Caught from the early sobbing of the morn.

The clouds were pure and white as flocks new shorn,
And fresh from the clear brook; sweetly they slept
On the blue fields of heaven, and then there crept

A little noiseless noise among the leaves,

Born of the very sigh that silence heaves:
For not the faintest motion could be seen
Of all the shades that slanted o'er the green.
There was wide wand'ring for the greediest eye,
To peer about upon variety;

Far round the horizon's crystal air to skim,
And trace the dwindled edgings of its brim;

To picture out the quaint, and curious bending
Of a fresh woodland alley, never ending;

Or by the bowery clefts, and leafy shelves,

Guess where the jaunty streams refresh themselves.
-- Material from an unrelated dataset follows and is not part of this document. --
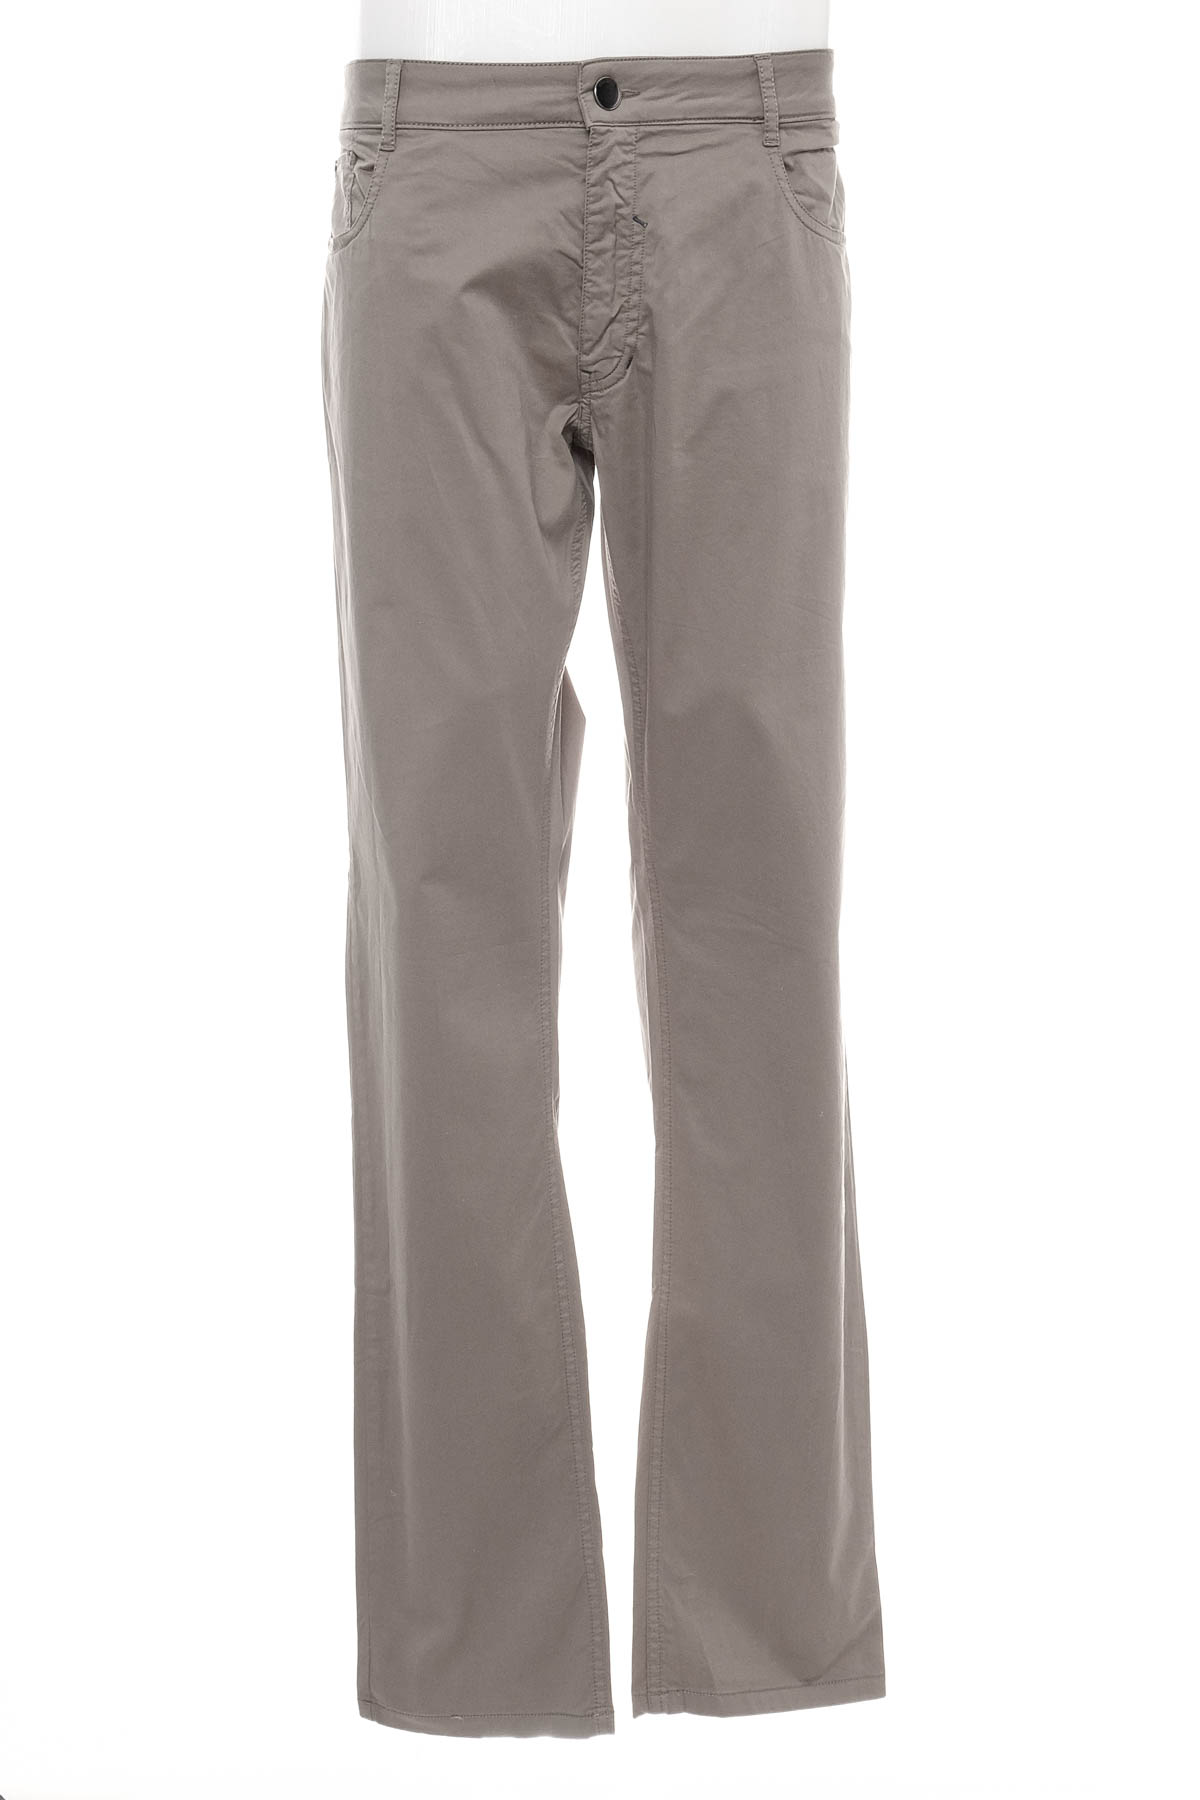 Men's trousers - PIERLUCCI - 0

I gazed awhile, and felt as light and free

As though the fanning wings of Mercury

Had played upon my heels: I was light-hearted,
And many pleasures to my vision started;
So I straightway began to pluck a posy
Of luxuries bright, milky, soft, and rosy.

-John Keats.

LESSON VIII

I. Correct Use of Words in the Expression of Ideas.

1. Correctness in the use of words is a most necessary requirement for the expression of ideas. In order to use words correctly we should know the correct meaning of the words and the correct place in which to use them. A word which might be wholly correct in one place might be wholly incorrect in another place. For example, we may say an elegant lady, but we may not say an elegant book. Why? Irving may say, "This sequestered glen has long been known by the name of Sleepy Hollow," but we may not say, "The librarian hunted long for a sequestered book". Why?

2. Sometimes an incorrect use of words leads to actual vulgarity. For example, if we say "The teacher was mad," we ought to mean that the teacher's intellect was diseased. If we say "She is an awful girl”, we are using a word that should be used in connection only with things that fill us with awe.

3. While we are learning to write we shall have to be consciously careful to use words correctly.

To help us, we may notice how cultured and educated people use words. We should never hear them say that they "adore peaches and cream".

We may notice how the best authors use words in their writings. We never read there that "this is a nice day" though we might read the expression, "In the nice ear of nature which song was the best?"